PT4: Faith For Lay Guys_People and The Cancer of Disappointment
Updated: Jan 1
One of the most disappointing things that happens within a church is when one of its leaders plunges head-over-heals into the places where good men and women of the faith ought never should go.
And everybody knows it.
I have had the rare opportunity to be on both sides of that coin. I have been the lay guy in the pew who, having put all his faith into a spiritual leader (even emanating them as my own spiritual leverage), has become devastated. And I have been that leader who has plunged head-over-heals in the midst of the assembly and have experienced both severe personal disappointment and the disappointment of those whom I was leading.
It’s a dangerous place when our faith in Jesus stops at personality, looks, mentors, spiritual leaders, or anything else having to do with flesh and blood.
We all do it, don't we? There are those people who simply radiate God. With one glimmer of their eye we are swooped into a spiritual vortex that excites and ignites. They become gods to us. We furiously take notes when they speak, forward their sermons to friends, and tithe into their ministries. And, whiten in crisis, they are the first people we contact for prayer or advice.
It isn’t a surprise we get shattered when we find out they are just like us: broken people blessed by god’s unrelenting grace.
And isn't it funny that when that happens to somebody like that we are hit with a variety of thoughts from, "I'm so disappointed" to "Gosh, if that could happen to him it could happen to me!"
The positive side of "when leaders fall" is that the occasion provides a reality check to all involved. People realize just how wonderful God is for a mere human to be used so magnificently by him, warts and all. It provides a wondrous grace place and encourages us all that God is bigger, that he still forgives us when we do stupid things, and that his restoration is sure. They say, after all, when a broken branch is grafted into another one, the result is a branch that has strength previously unknown. Any humble saint can grow into a deeper faithfulness through the failings of a leader (including the leader himself).
But those of us who have been in churches where leaders have fallen know there are serious negative repercussions as well. Aside from the interpersonal relationships of sadness, dismay, and disappointment, when a faithful man or woman goes down it can also do a number on one’s own faith. The pendulum swings from, “If she fell from grace, what about me,” through "I'm so disappointed," to Gosh, if that could happen to him, what about me!," to the the cancerous “Christianity thing is a sham.”

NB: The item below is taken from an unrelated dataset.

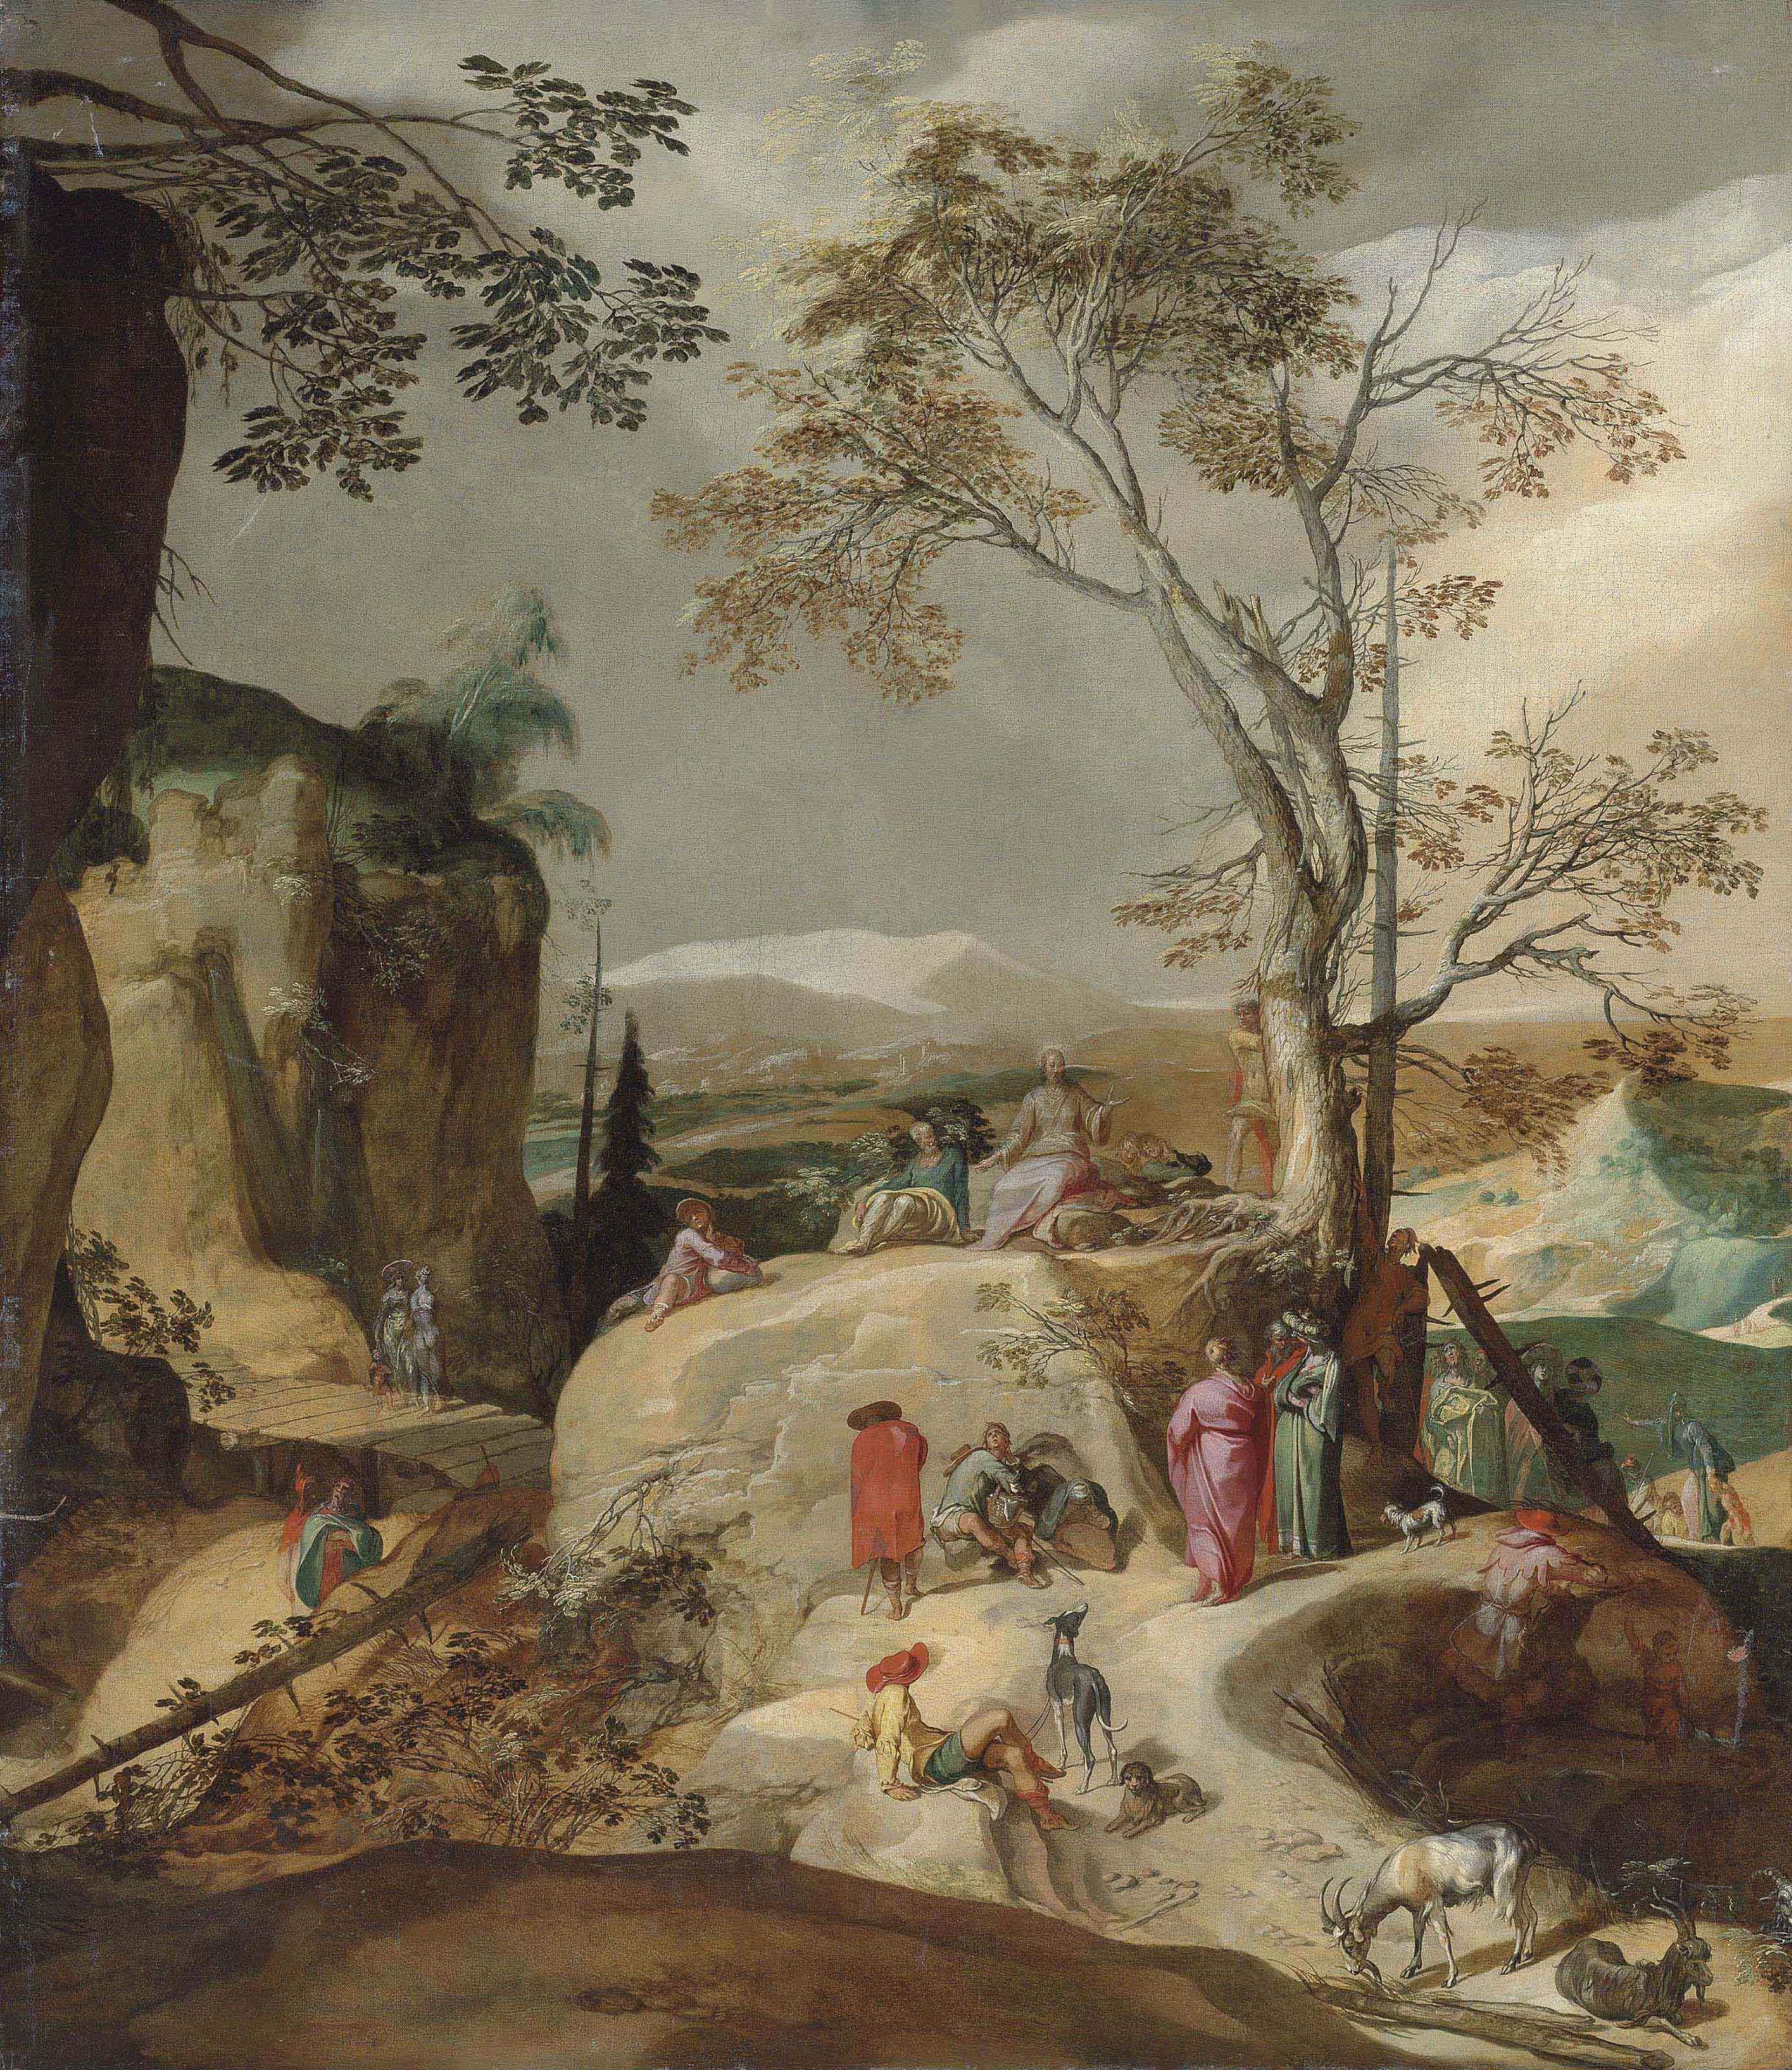 The Sermon on the Mount, a rocky landscape beyond

At best, when faced with the fall of an esteemed leader or close friend, peoples’ screw ups provide a rare opportunity to examine our own hearts of clay and reposition the object of our faith away from the temporal and onto the eternal. Are we able to see beyond what we see? Is our God constant in the wind and the waves, in the trial and change, as we sing? Does our faith transcend the temporal and anchored in the timeless, or is it built on the sandy beaches of human fallibility? Jesus would call us to be anchored in his unseen (yet very secure) world rather than loosely moored to all we can see and rocked when that world begins to dissolved by wind, rain, and storms.
I recall the defining words of Hebrews 11:1. “Now faith is the substance of things hoped for, the evidence of things not seen.”
Jesus is looking for faith in us - not merely looking, but longing to see it. From his perspective faith is the key to everything. It is the spark plug for the world and the fire behind his relationship with us. He’s seeking in us a faith that transcends crises, doubt, and feelings and unabashedly adheres to the foolishness of what is NOT seen. When our faith continues to love, continues to grow, to continues to "faith: (as faith is a verb after all), despite all we see ... that makes him happy - as he recognizes it when he, amidst the disappointment of his dearest friends too, desperately clung to his Cross.
A faith like that will never be shaken.
Father, increase in us compassion to those who stumble, knowing that your faithfulness doesn't end there, but is anchored in a place far greater, the Kingdom of God, where we truly move and live and have our being. Amen.